The Company’s debt contain covenants that could limit our future financing capabilities. These restrictions may interfere with the Company’s ability to obtain new or additional financing or may affect the manner in which the Company structures such new or additional financing or engage in other business activities, which may significantly limit or harm the Company’s results of operations, financial condition and liquidity. A default and resulting acceleration of obligations could also result in an event of default and declaration of acceleration under certain of the Company’s other existing debt agreements.
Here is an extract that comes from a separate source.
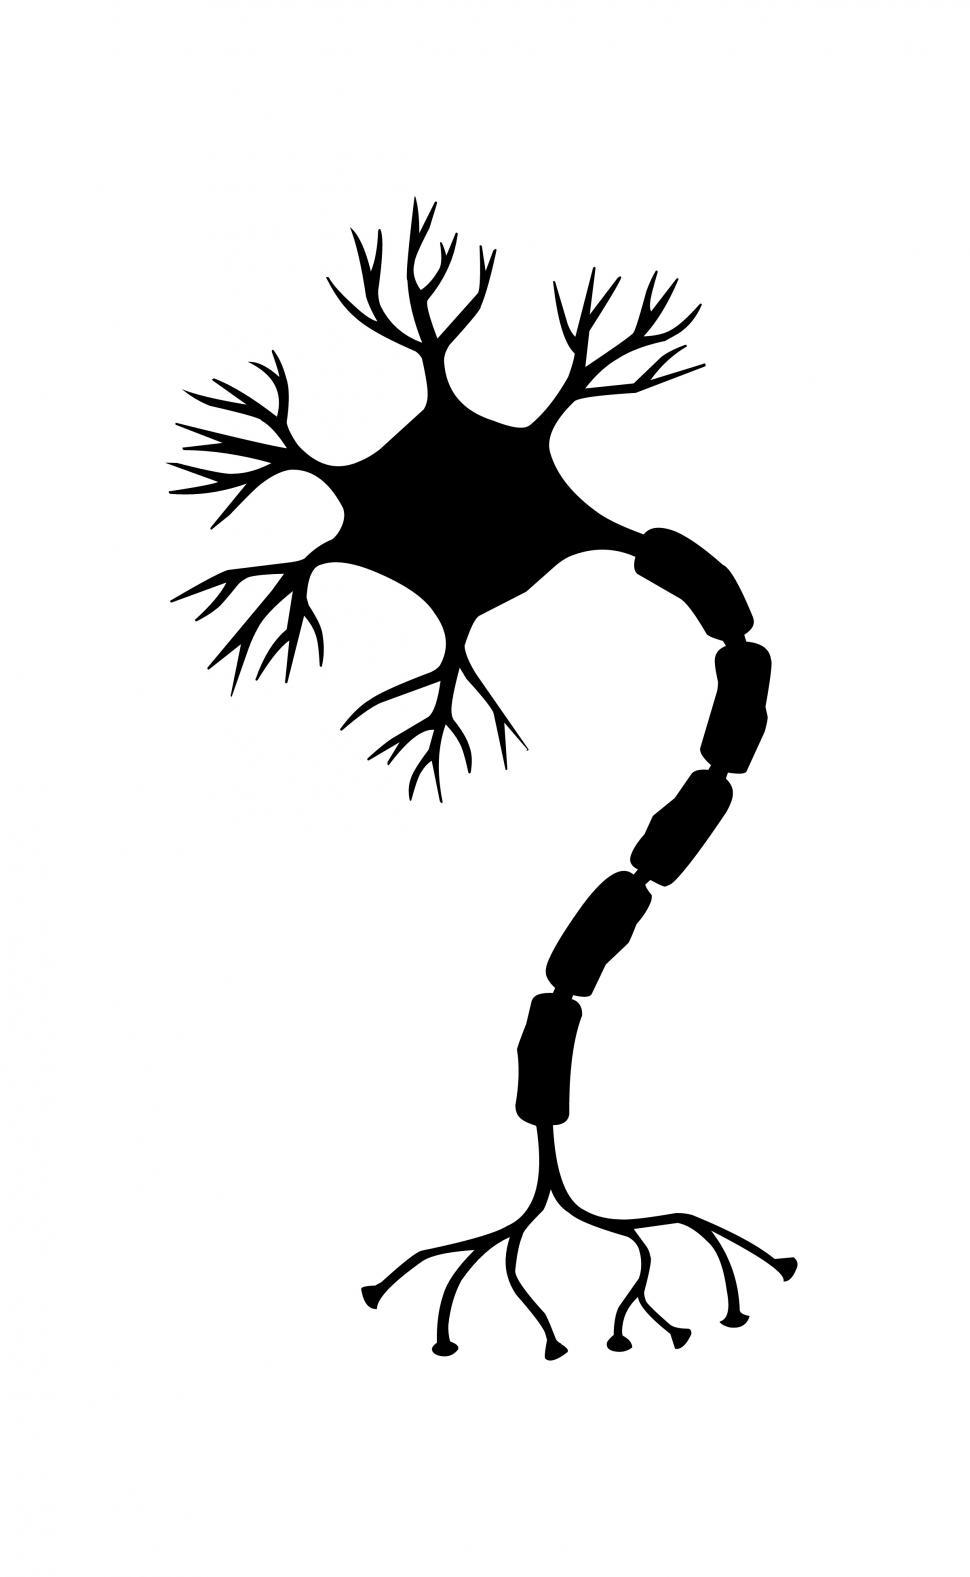 Free Image of nerve cell Silhouette

Such an acceleration of the Company’s debt would have a material adverse effect on our liquidity and our ability to continue as a going concern. A default could also significantly limit the Company’s alternatives to refinance both the debt under which the default occurred and other indebtedness. This limitation may significantly restrict the Company’s financing options during times of either market distress or the Company’s financial distress, which are precisely the times when having financing options is most important 

 

The Company’s existing liquidity is not sufficient to fund its operations, anticipated capital expenditures, working capital and other financing requirements until the Company reaches significant revenues.  Until that time. the Company will need to obtain additional equity and/or debt financing, especially if the Company experiences downturns in its business that are more severe or longer than anticipated, or if the Company experiences significant increases in expense levels resulting from being a publicly-traded company or from expansion of operations.  If the Company attempts to obtain additional equity or debt financing, the Company cannot assume that such financing will be available to the Company on favorable terms, or at all.

 

Because of recurring operating losses, net operating cash flow deficits, and an accumulated deficit, there is substantial doubt about the Company’s ability to continue as a going concern. The consolidated financial statements have been prepared assuming that the Company will continue as a going concern, and do not include any adjustments to reflect the possible future effects on the recoverability and classification of assets, or the amounts and classification of liabilities that may result from the outcome of this uncertainty.